Cell-Free DNA (cfDNA) Regulates Metabolic Remodeling, Sustaining Proliferation, Quiescence, and Migration in MDA-MB-231, a Triple-Negative Breast Carcinoma (TNBC) Cell Line.

Background: The clinical relevance of circulating cell-free DNA (cfDNA) in oncology has gained significant attention, with its potential as a biomarker for cancer diagnosis and monitoring. However, its precise role in cancer biology and progression remains unclear. cfDNA in cancer patients' blood has been shown to activate signaling pathways, such as those mediated by toll-like receptors (TLRs), suggesting its involvement in cancer cell adaptation to the tumor microenvironment.
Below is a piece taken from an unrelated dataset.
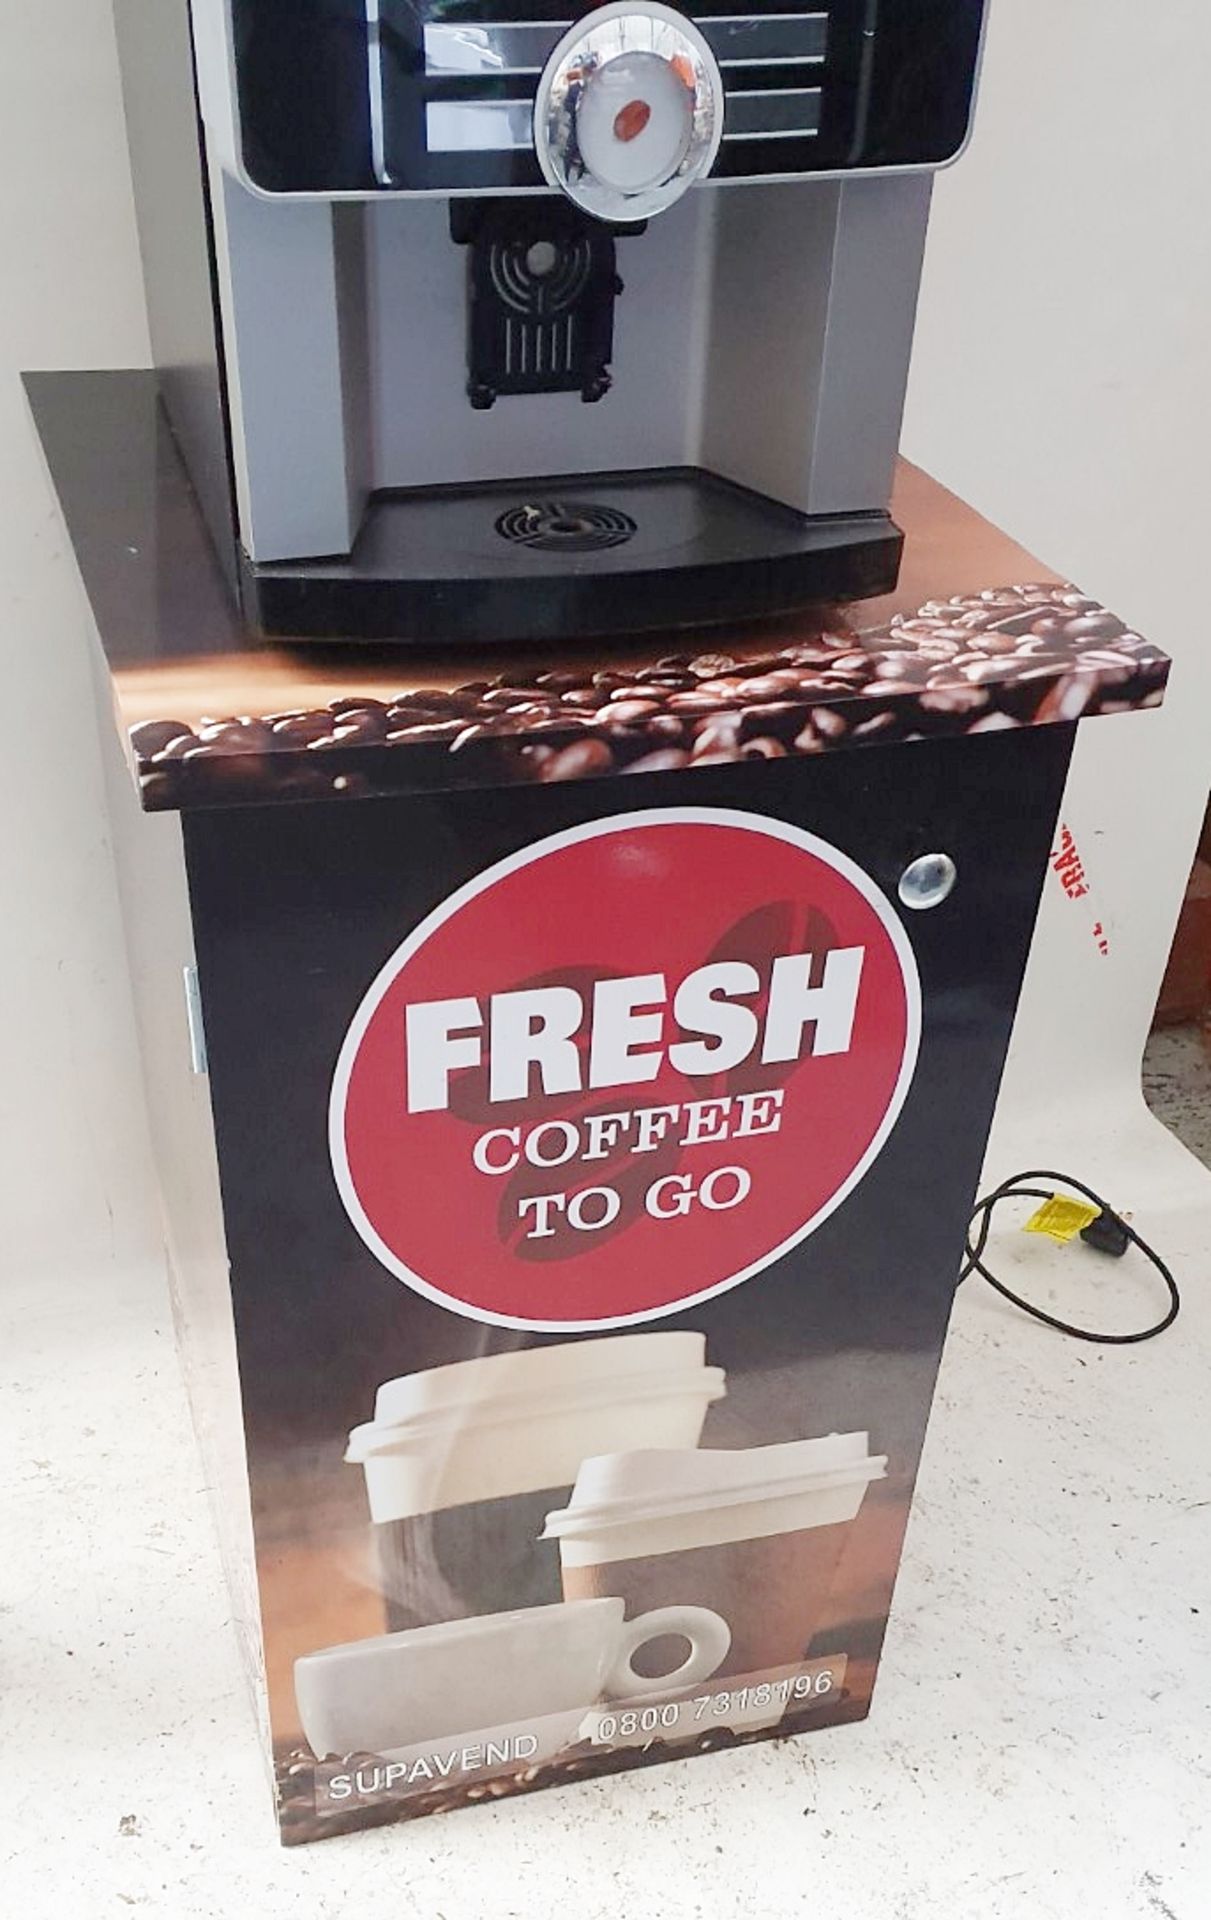 1 x Rheavendors eC Commercial Coffee Machine With Stand and Sign - Ref: LD439 - CL445 - WA14 - Image 5 of 19

Methods: This impact of cfDNA released from MDA-MB-231, a triple-negative breast cancer (TNBC) cell line was assessed, focusing on glucose availability and culture duration. The impact of cfDNA on the proliferation of MDA-MB-231 cells was investigated using proliferation curves, while cellular migration was evaluated through wound healing assays. The metabolic alterations induced by distinct cfDNA variants in MDA-MB-231 cells were investigated through nuclear magnetic resonance (NMR) spectroscopy, and their effect on cisplatin resistance was evaluated using flow cytometry. Furthermore, the expression levels of DNA-sensitive Toll-like receptor 9 (TLR9) were quantified via immunofluorescence, alongside its colocalization with lysosome-associated membrane protein 1 (LAMP1). Results: This study indicates that cfDNA facilitates metabolic adaptation, particularly under metabolic stress, by modulating glucose and glutamine consumption, key pathways in tumor cell metabolism. Exposure to cfDNA induced distinct metabolic shifts, favoring energy production through oxidative phosphorylation. The anti-cancer activity of cfDNA isolated from conditioned media of cells cultured under stressful conditions is influenced by the culture duration, emphasizing the importance of adaptation and se-lection in releasing cfDNA that can drive pro-tumoral processes. Additionally, cfDNA exposure influenced cell proliferation, quiescence, and migration, processes linked to metastasis and treatment resistance. These findings underscore cfDNA as a key mediator of metabolic reprogramming and adaptive responses in cancer cells, contributing to tumor progression and therapy resistance. Furthermore, the activation of TLR9 signaling suggests a mechanistic basis for cfDNA-induced phenotypic changes. Conclusions: Overall, cfDNA serves as a crucial signaling molecule in the tumor microenvironment, orchestrating adaptive processes that enhance cancer cell survival and progression.